● **DATASET CONTENT**:

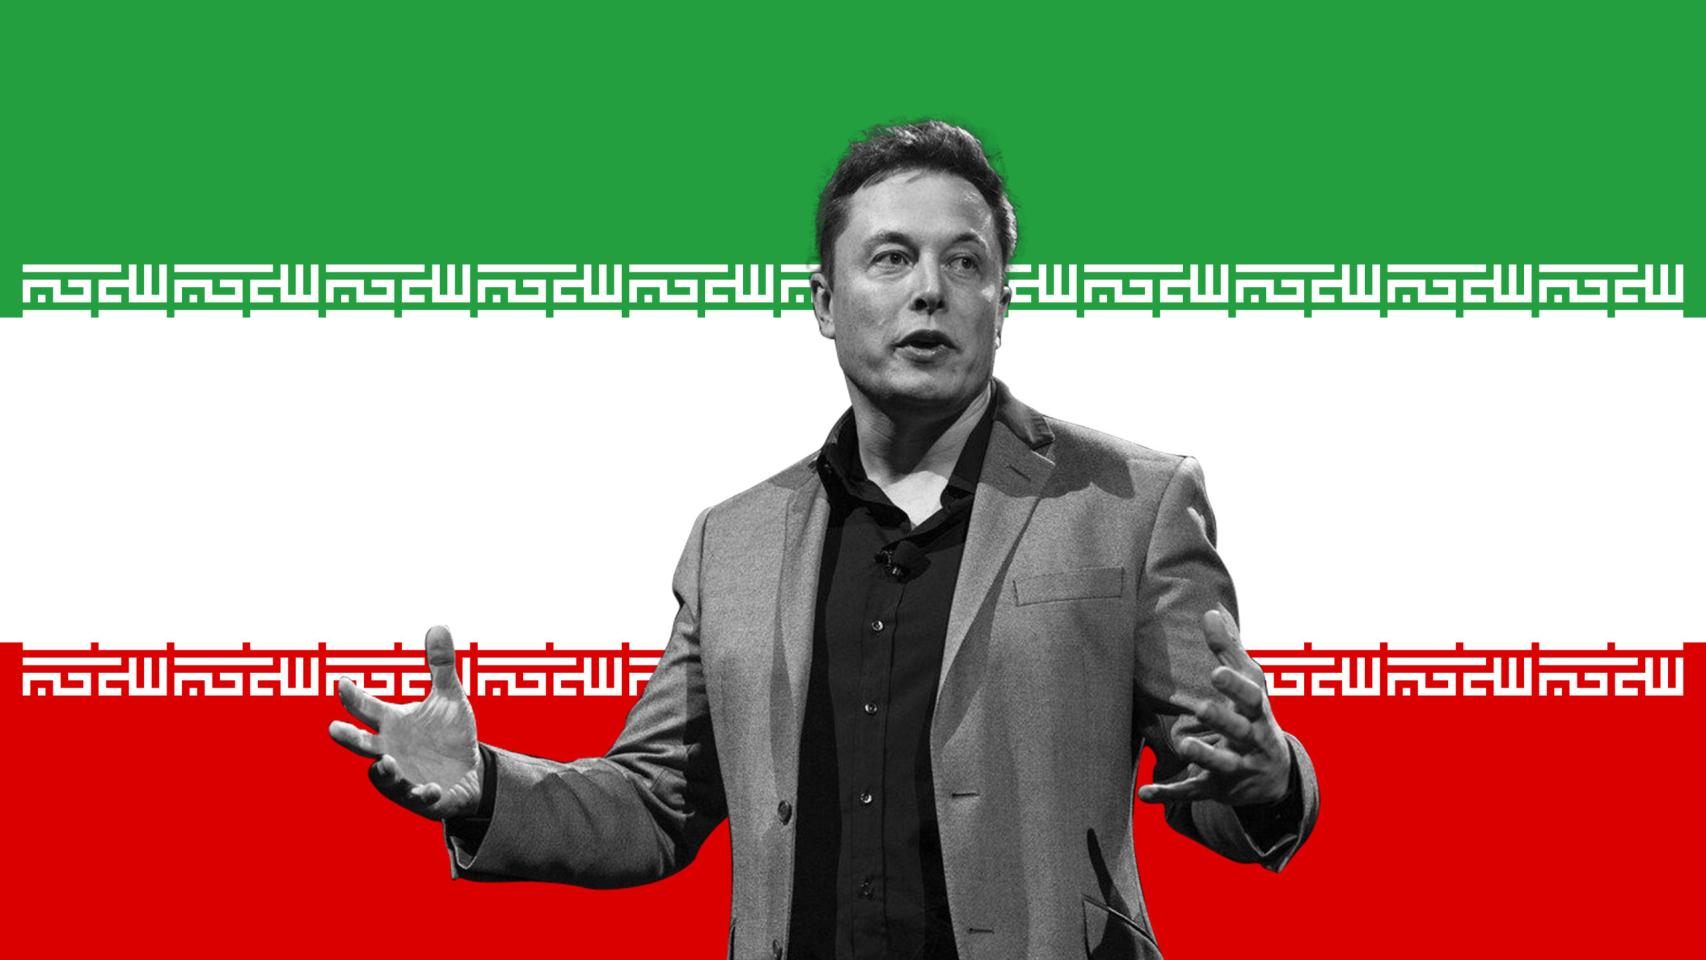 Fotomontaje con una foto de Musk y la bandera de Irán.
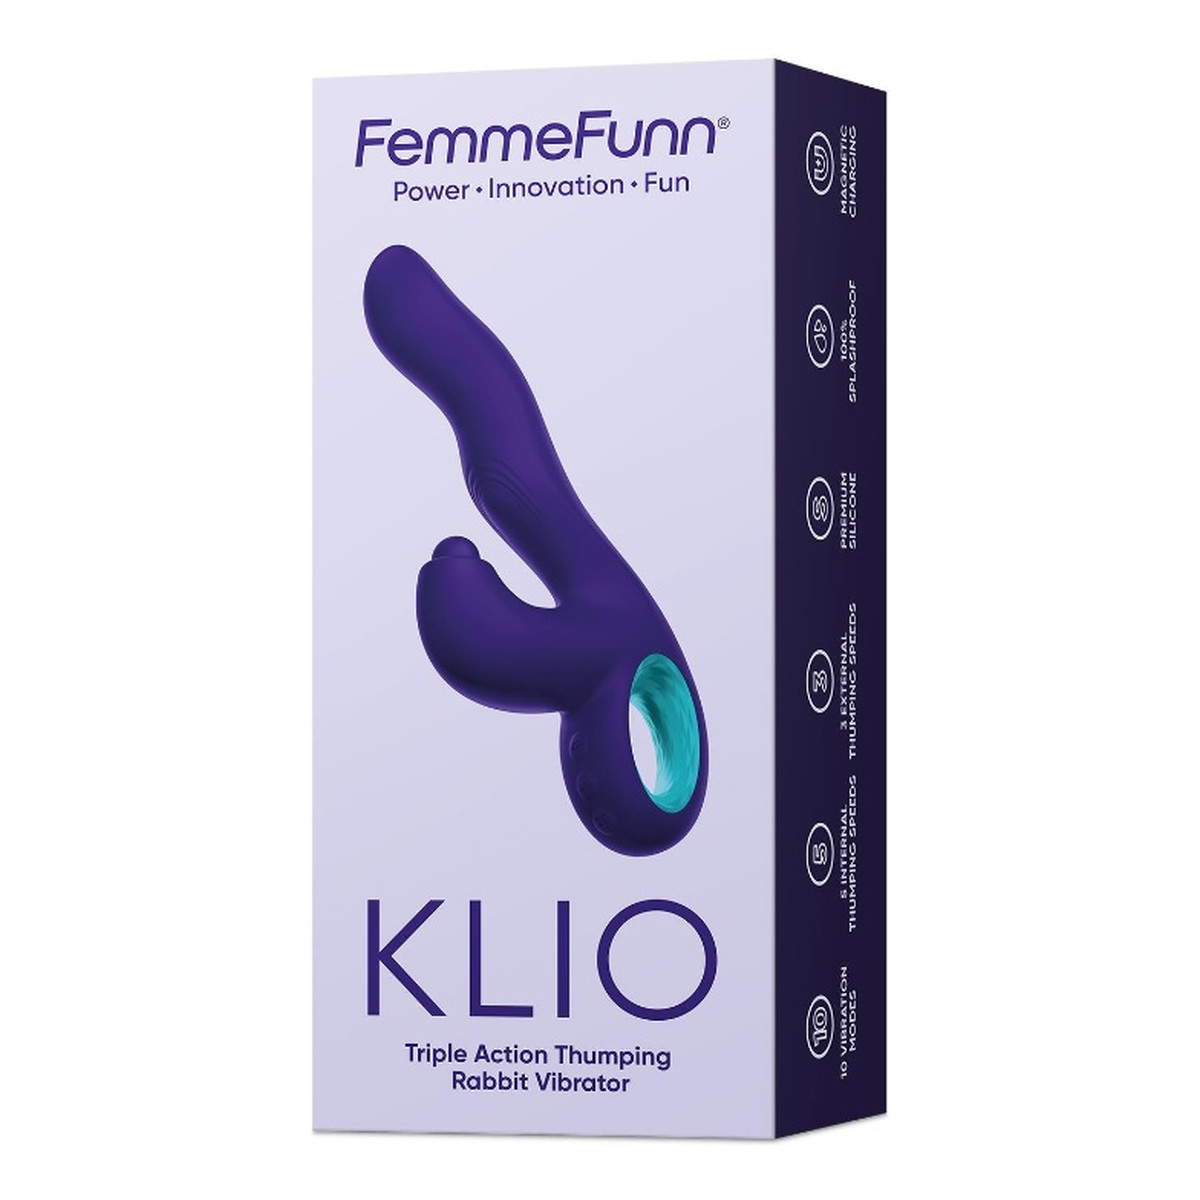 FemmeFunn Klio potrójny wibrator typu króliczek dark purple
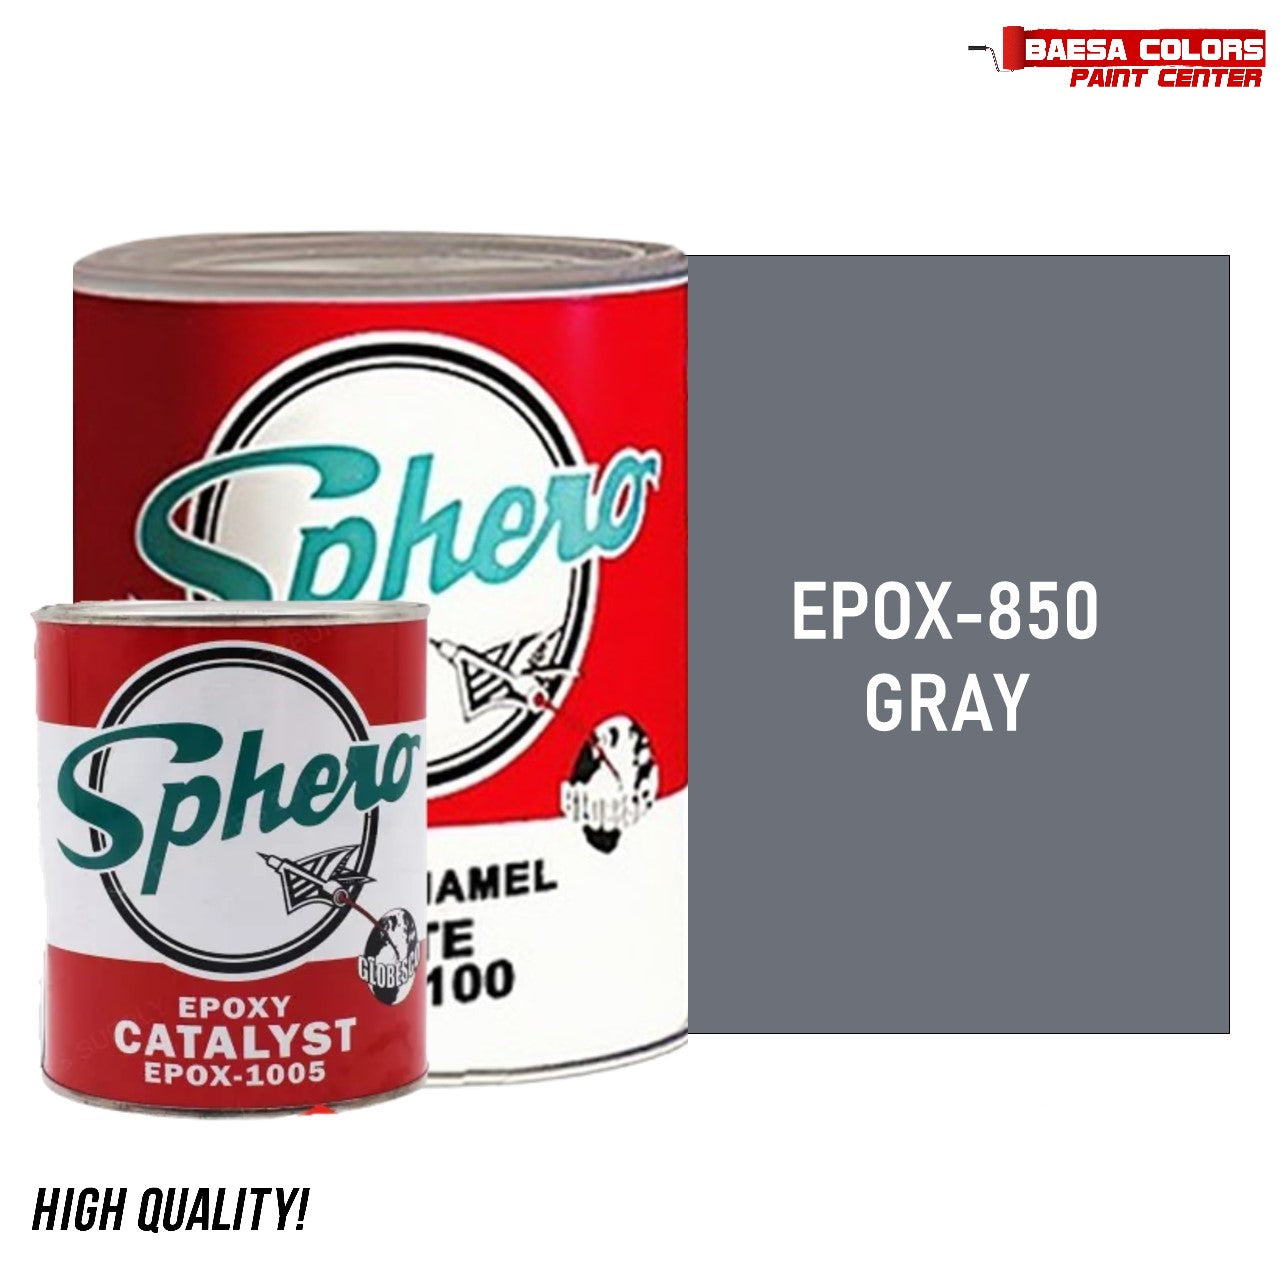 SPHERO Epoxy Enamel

● **EXERCISE**:
Once the pictures are set aside, repeat the remaining data word for word.

● **SOLUTION TO THIS TASK**:
 Fotomontaje con una foto de Musk y la bandera de Irán.
 FemmeFunn Klio potrójny wibrator typu króliczek dark purple
 SPHERO Epoxy Enamel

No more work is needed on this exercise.